* _What the task asks_: Only one span of the material below is wanted. Output it exactly, from the line with "2022/4/20 アストロズ vs エンゼルス [MLB]" through the line with "Mr. & Mrs. - Grau", without any pictures.

* _Given records_:
────────

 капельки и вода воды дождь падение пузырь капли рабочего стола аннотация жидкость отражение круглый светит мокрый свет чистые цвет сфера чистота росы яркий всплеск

────────

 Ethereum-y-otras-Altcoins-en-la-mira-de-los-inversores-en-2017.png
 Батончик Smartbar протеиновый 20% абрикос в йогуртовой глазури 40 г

────────

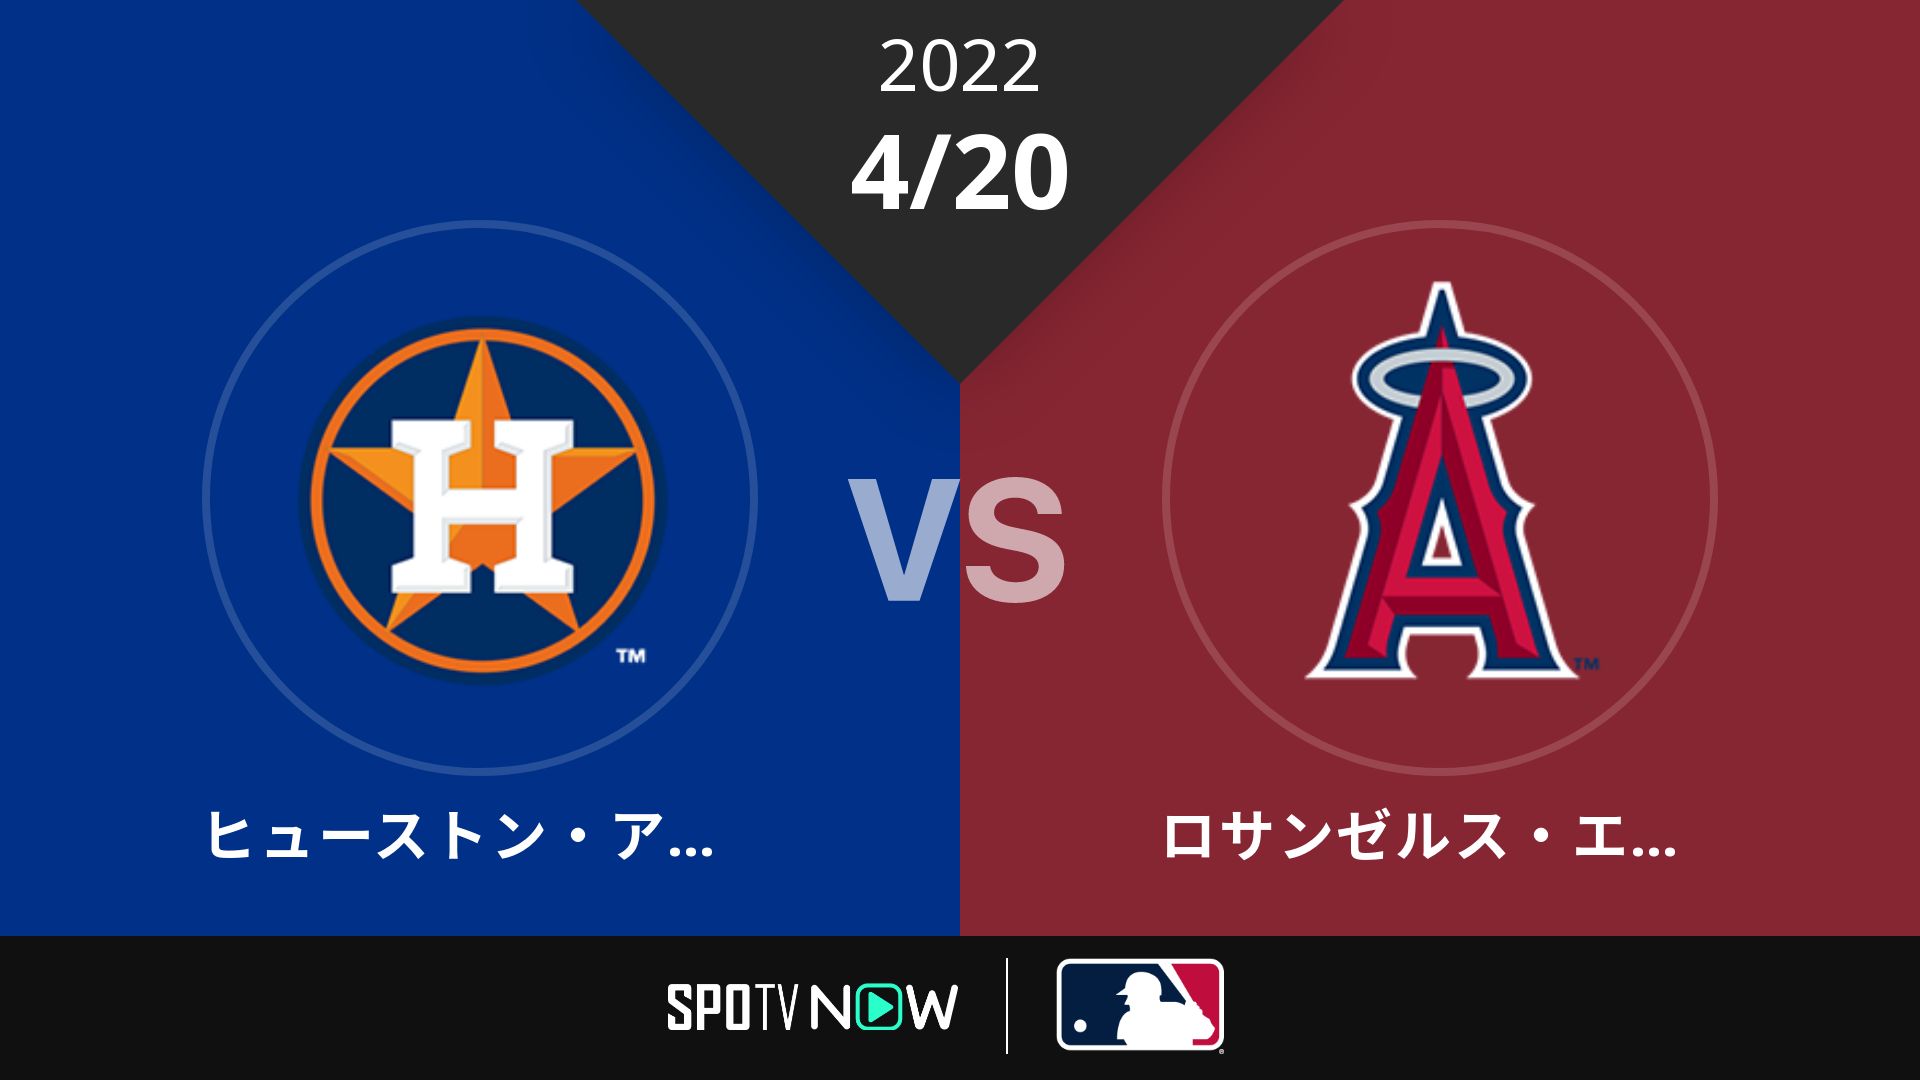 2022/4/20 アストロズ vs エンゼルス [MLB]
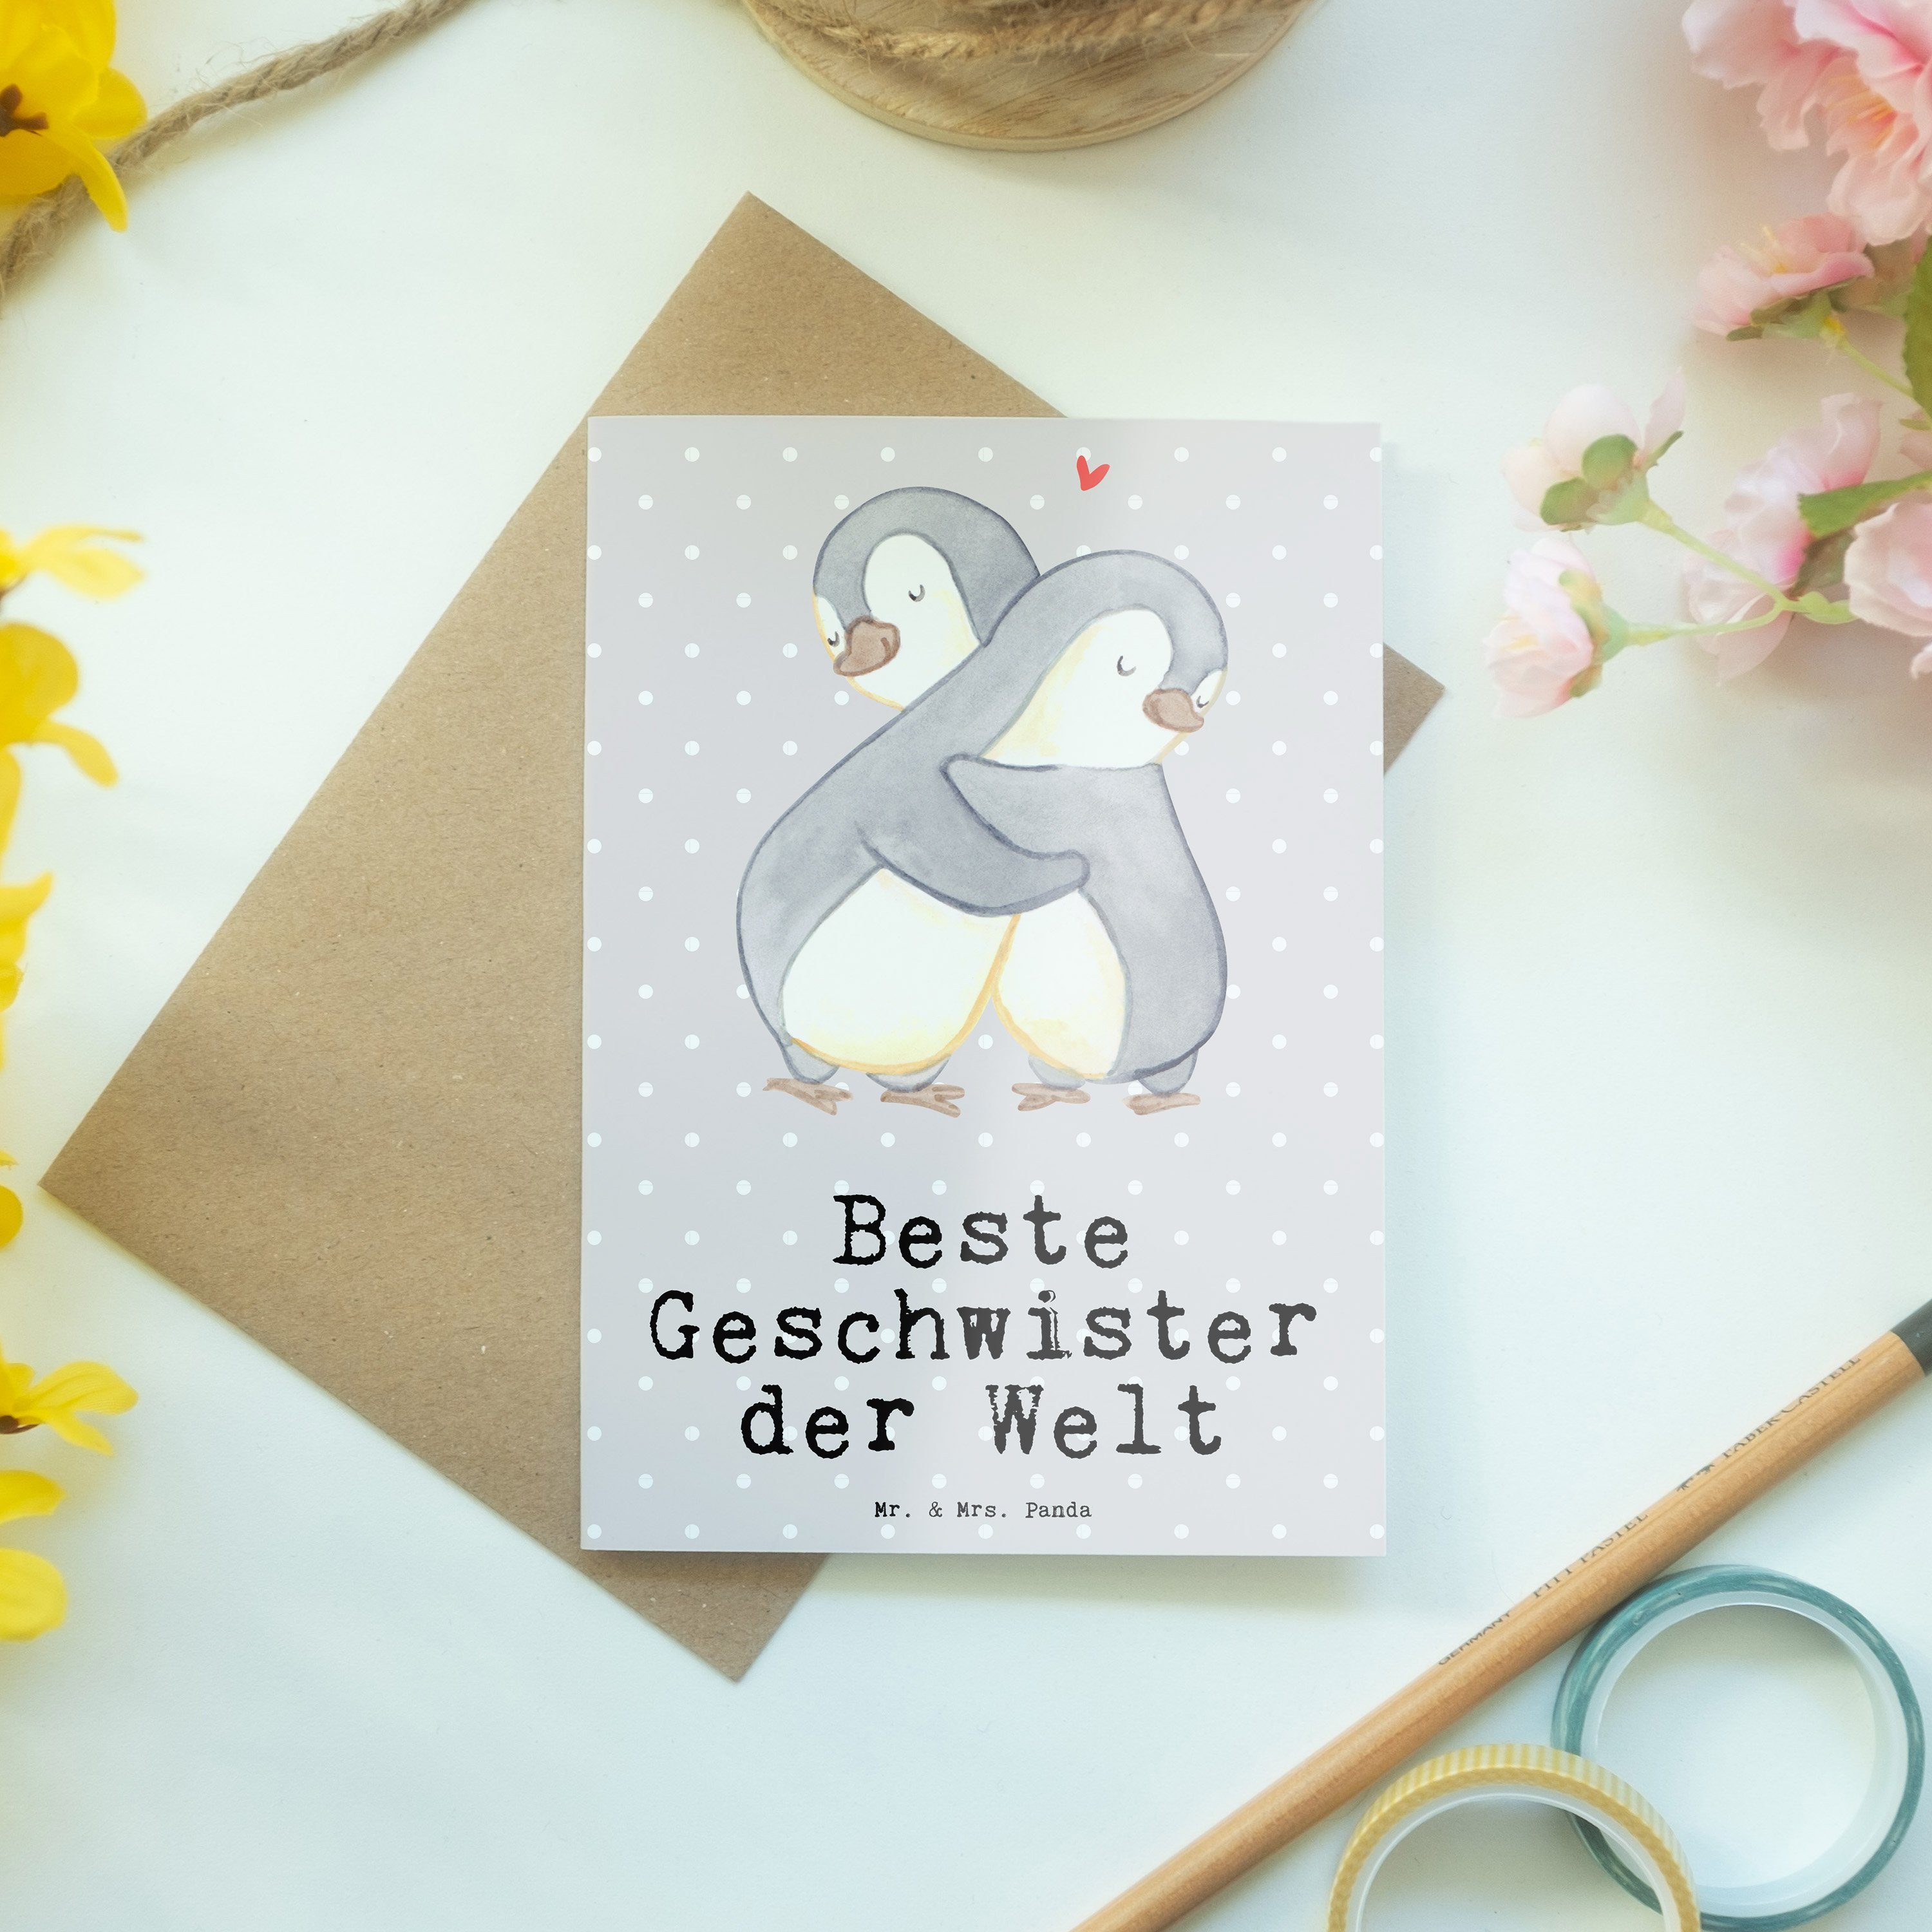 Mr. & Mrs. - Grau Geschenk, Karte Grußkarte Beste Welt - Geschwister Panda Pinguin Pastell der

────────

* _Task result_:
 2022/4/20 アストロズ vs エンゼルス [MLB]
 Mr. & Mrs. - Grau Geschenk, Karte Grußkarte Beste Welt - Geschwister Panda Pinguin Pastell der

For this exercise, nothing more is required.